Parsing is a surprisingly difficult thing to get right. Techniques for writing parsers vary wildly in terms of how difficult they are, and parsing bugs are a common source of weird machines in computer security. Various techniques can make parsing easier and less bug-prone, but it's a dangerous thing to rely on.
One way to get around this is to just skip parsing altogether. This is difficult in Unix, where most tools consume and emit plain text (or plain binary.) In other systems, such as in individual programming environments or systems like Windows PowerShell, the everything-is-plain-text requirement is relaxed, allowing tools to exchange structured data without reserializing and reparsing.
The way to avoid parsing in Unix is to use various kinds of structure to your advantage. Take the file system: it can, used correctly, emulate a tree-like structure or a key-value store. For example, one supplementary daemontools
utility is envdir
, which reads in environment variables not by parsing a string of name=value
pairs, but by looking at a directory and turning the filename-to-file-contents mapping into a variable-name-to-variable-content mapping.

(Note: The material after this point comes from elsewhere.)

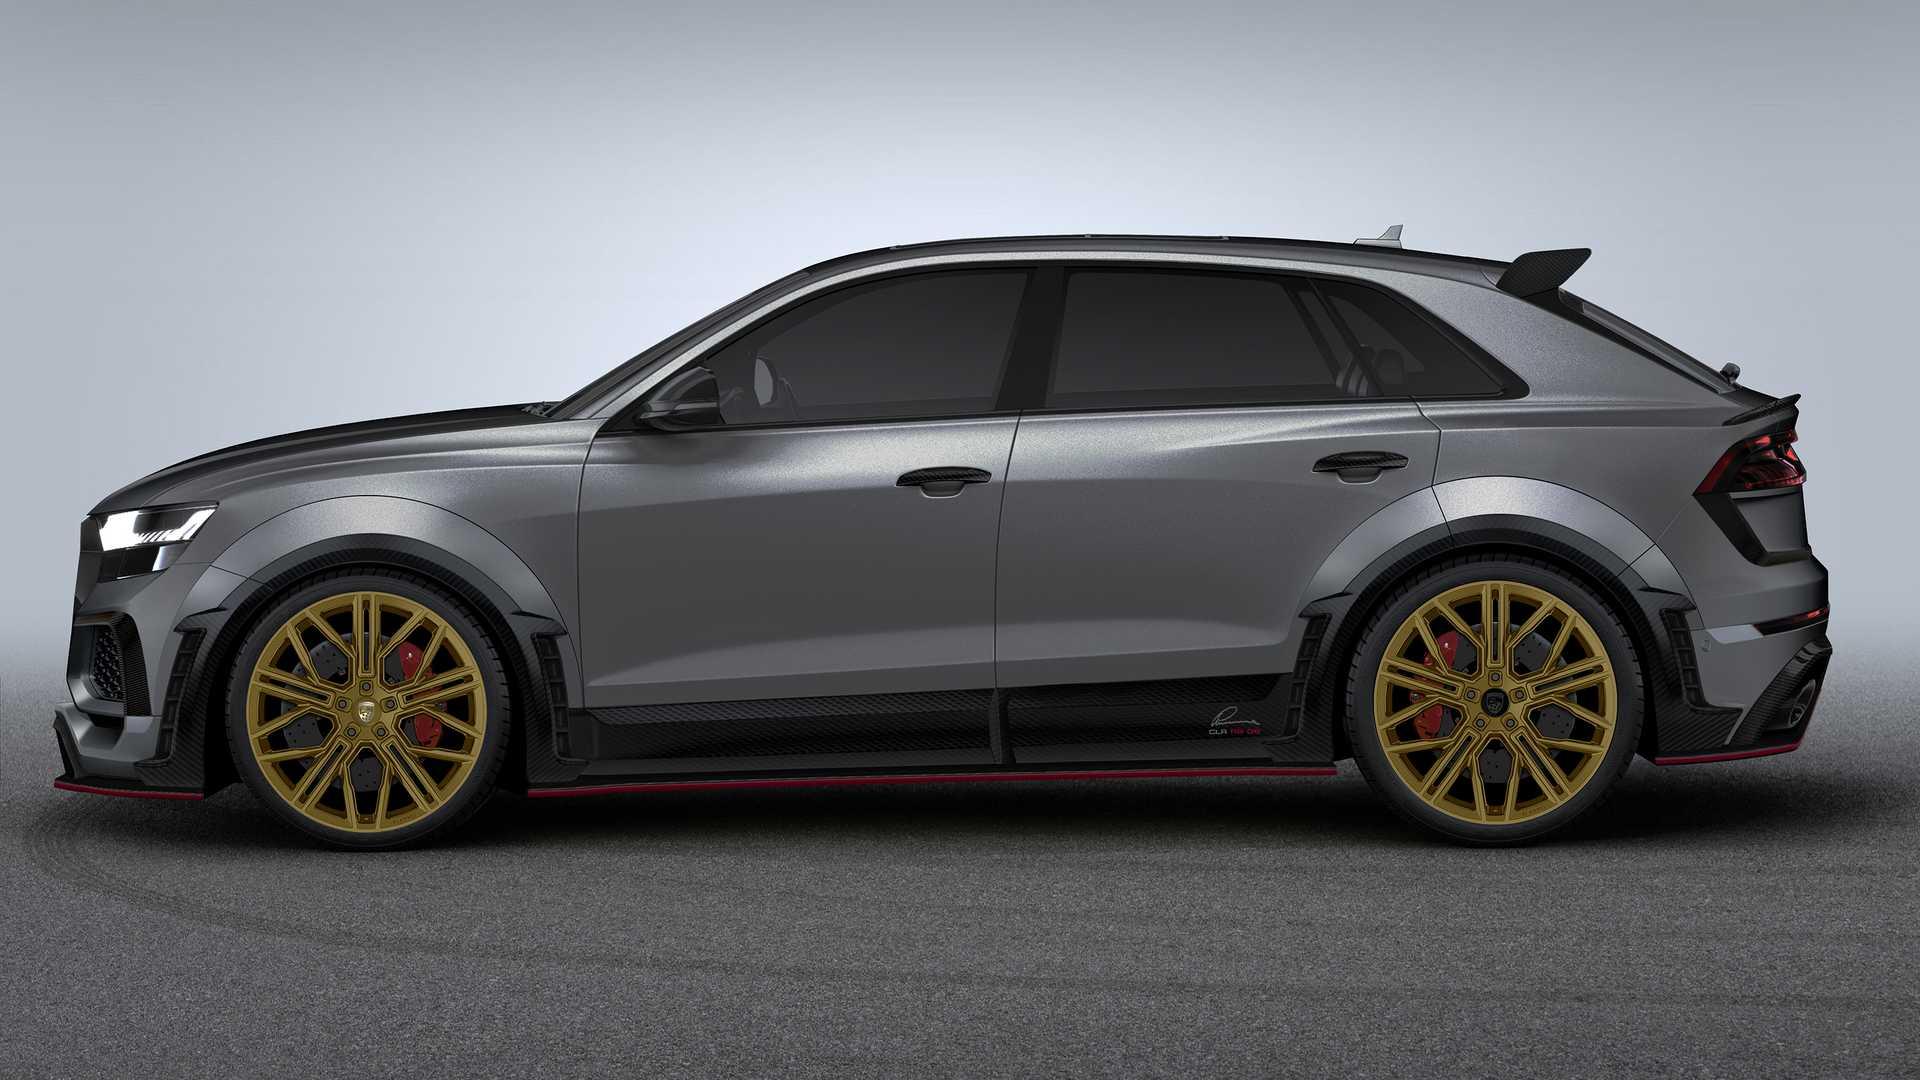 Audi-RS-Q8-CLR-8-RS-By-Lumma-Design-11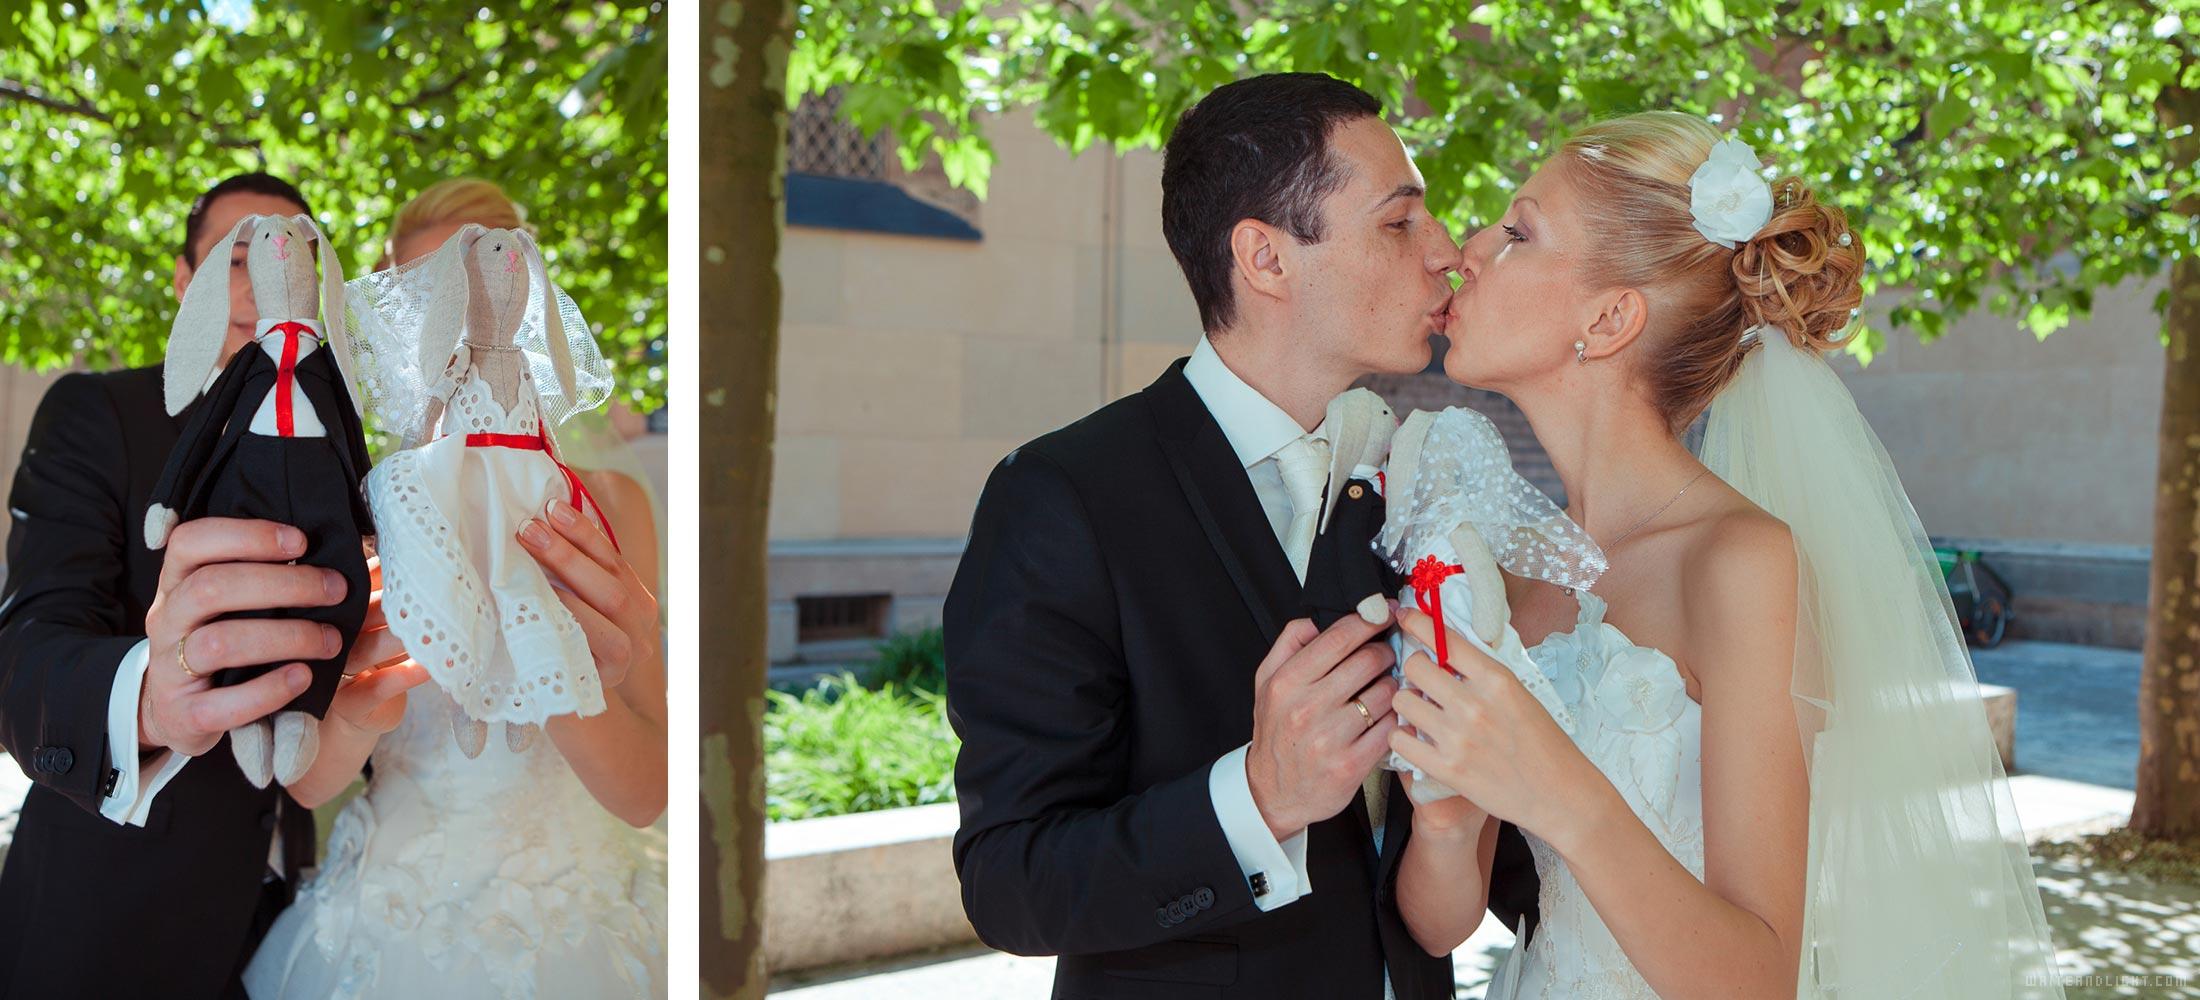 Wedding photographer Blog - weddingcards

You might argue that this is silly—-after all, parsing an environment variable declaration is as easy as name=value
! Could a system really introduce a security bug in parsing something as simple as that? As it happens, the answer is yes.
So daemontools
avoids parsing by using directories as an organizing principle, rather than using configuration files.4 This makes an entire class of bugs and vulnerabilities impossible, which is always a good design choice.
What is “Unix as a raw material”?
The building blocks of daemontools
are the parts of Unix which are common to every modern Unix variant: directories and executables and Unix processes and (in some of its descendants) FIFOs. This means you have a universe of actions you can perform outside of the daemontools
universe:
- Your scripts can be written in anything you'd like, not just a shell language. You could even drop a compiled executable in, at the cost of later maintainability.
- Similarly,
daemontools
services are trivially testable, because they're just plain ol' executables. - Lots of details get moved out of service management because they can be expressed in terms of other building blocks of the system. There's no need for a 'which user do I run as' configuration flag, because that can get moved into a script. (Although that script can also consult an external configuration for that, if you'd like!)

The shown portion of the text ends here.